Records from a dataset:
######
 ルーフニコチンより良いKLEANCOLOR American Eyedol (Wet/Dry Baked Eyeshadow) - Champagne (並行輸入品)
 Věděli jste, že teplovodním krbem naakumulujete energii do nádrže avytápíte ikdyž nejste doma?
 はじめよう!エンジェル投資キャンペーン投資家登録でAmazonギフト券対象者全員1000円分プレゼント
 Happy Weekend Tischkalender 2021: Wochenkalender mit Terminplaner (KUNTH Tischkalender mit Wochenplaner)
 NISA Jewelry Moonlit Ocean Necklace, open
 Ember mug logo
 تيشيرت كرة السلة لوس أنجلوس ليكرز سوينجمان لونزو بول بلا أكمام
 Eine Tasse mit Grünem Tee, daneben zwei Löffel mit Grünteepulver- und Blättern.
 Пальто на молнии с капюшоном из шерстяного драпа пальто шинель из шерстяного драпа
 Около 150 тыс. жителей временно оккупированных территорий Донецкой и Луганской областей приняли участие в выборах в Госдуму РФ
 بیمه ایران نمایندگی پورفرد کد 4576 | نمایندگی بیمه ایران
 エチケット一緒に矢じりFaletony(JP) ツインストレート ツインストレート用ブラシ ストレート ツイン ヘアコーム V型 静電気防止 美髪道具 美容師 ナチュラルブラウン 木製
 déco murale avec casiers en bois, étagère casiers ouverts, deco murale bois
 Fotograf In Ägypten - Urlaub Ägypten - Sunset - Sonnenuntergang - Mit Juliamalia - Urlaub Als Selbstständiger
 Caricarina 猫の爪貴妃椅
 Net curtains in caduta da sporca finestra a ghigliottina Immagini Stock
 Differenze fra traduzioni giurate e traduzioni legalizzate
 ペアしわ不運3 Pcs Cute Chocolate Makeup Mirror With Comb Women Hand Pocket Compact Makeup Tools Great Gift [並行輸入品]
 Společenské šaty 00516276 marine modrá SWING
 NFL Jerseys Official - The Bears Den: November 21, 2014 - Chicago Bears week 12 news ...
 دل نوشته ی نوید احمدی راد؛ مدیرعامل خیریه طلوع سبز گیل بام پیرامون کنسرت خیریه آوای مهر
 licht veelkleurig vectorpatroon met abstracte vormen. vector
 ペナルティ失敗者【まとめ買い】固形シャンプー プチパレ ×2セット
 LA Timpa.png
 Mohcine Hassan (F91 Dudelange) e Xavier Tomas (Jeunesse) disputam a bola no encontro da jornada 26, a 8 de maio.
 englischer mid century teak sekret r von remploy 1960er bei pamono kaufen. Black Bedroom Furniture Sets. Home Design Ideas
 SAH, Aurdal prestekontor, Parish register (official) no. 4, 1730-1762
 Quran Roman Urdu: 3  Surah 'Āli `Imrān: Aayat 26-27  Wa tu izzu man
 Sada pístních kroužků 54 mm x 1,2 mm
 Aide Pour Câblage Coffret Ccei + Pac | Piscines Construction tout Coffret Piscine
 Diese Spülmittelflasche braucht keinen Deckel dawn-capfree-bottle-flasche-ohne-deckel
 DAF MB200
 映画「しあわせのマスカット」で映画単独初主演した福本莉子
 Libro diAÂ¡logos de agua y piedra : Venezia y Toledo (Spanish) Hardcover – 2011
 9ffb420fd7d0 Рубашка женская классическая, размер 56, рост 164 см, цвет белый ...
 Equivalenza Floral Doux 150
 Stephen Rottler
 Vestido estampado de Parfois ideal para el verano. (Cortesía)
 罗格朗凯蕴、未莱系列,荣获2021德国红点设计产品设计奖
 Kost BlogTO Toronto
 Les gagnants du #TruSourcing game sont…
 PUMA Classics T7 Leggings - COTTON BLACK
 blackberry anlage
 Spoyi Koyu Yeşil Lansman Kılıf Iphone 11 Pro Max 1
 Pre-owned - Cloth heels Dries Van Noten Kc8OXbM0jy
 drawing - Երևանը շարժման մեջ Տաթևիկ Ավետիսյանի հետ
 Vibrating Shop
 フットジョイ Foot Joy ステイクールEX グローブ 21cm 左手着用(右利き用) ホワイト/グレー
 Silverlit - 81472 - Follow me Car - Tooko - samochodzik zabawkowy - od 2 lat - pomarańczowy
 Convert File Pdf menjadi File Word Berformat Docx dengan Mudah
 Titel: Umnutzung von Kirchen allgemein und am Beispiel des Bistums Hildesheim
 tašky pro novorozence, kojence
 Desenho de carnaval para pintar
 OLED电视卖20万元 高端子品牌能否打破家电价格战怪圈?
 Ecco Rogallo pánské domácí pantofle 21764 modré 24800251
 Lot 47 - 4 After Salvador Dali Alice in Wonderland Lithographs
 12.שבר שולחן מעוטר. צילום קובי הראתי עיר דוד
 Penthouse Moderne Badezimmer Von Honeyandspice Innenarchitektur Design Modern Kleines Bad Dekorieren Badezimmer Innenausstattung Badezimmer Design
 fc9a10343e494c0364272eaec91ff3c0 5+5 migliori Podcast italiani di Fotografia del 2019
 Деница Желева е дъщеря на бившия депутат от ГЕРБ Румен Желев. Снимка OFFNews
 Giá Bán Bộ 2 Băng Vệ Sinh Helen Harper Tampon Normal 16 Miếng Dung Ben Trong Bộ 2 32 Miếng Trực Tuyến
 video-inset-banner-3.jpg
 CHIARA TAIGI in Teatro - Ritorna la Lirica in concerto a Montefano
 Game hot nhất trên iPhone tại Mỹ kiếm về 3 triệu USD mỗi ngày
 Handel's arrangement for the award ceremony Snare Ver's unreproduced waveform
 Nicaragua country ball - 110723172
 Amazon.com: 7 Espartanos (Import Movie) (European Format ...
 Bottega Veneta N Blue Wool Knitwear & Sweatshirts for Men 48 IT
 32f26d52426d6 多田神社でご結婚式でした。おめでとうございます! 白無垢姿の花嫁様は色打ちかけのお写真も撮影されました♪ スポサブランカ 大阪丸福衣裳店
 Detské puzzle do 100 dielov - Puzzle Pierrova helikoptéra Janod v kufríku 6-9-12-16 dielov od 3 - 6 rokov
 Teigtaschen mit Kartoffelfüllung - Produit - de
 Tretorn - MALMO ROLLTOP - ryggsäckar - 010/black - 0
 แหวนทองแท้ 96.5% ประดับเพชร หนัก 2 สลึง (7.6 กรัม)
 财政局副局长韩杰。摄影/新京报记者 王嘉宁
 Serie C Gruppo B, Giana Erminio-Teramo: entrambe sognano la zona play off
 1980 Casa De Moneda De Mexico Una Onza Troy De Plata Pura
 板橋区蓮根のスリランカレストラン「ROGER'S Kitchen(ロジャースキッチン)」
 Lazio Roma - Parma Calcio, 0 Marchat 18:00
######
## EXERCISE OBJECTIVE
Print the first line of the records above and each line after it, exactly, through the line with "NISA Jewelry Moonlit Ocean Necklace, open".

## SOLUTION FOR THIS EXERCISE
 ルーフニコチンより良いKLEANCOLOR American Eyedol (Wet/Dry Baked Eyeshadow) - Champagne (並行輸入品)
 Věděli jste, že teplovodním krbem naakumulujete energii do nádrže avytápíte ikdyž nejste doma?
 はじめよう!エンジェル投資キャンペーン投資家登録でAmazonギフト券対象者全員1000円分プレゼント
 Happy Weekend Tischkalender 2021: Wochenkalender mit Terminplaner (KUNTH Tischkalender mit Wochenplaner)
 NISA Jewelry Moonlit Ocean Necklace, open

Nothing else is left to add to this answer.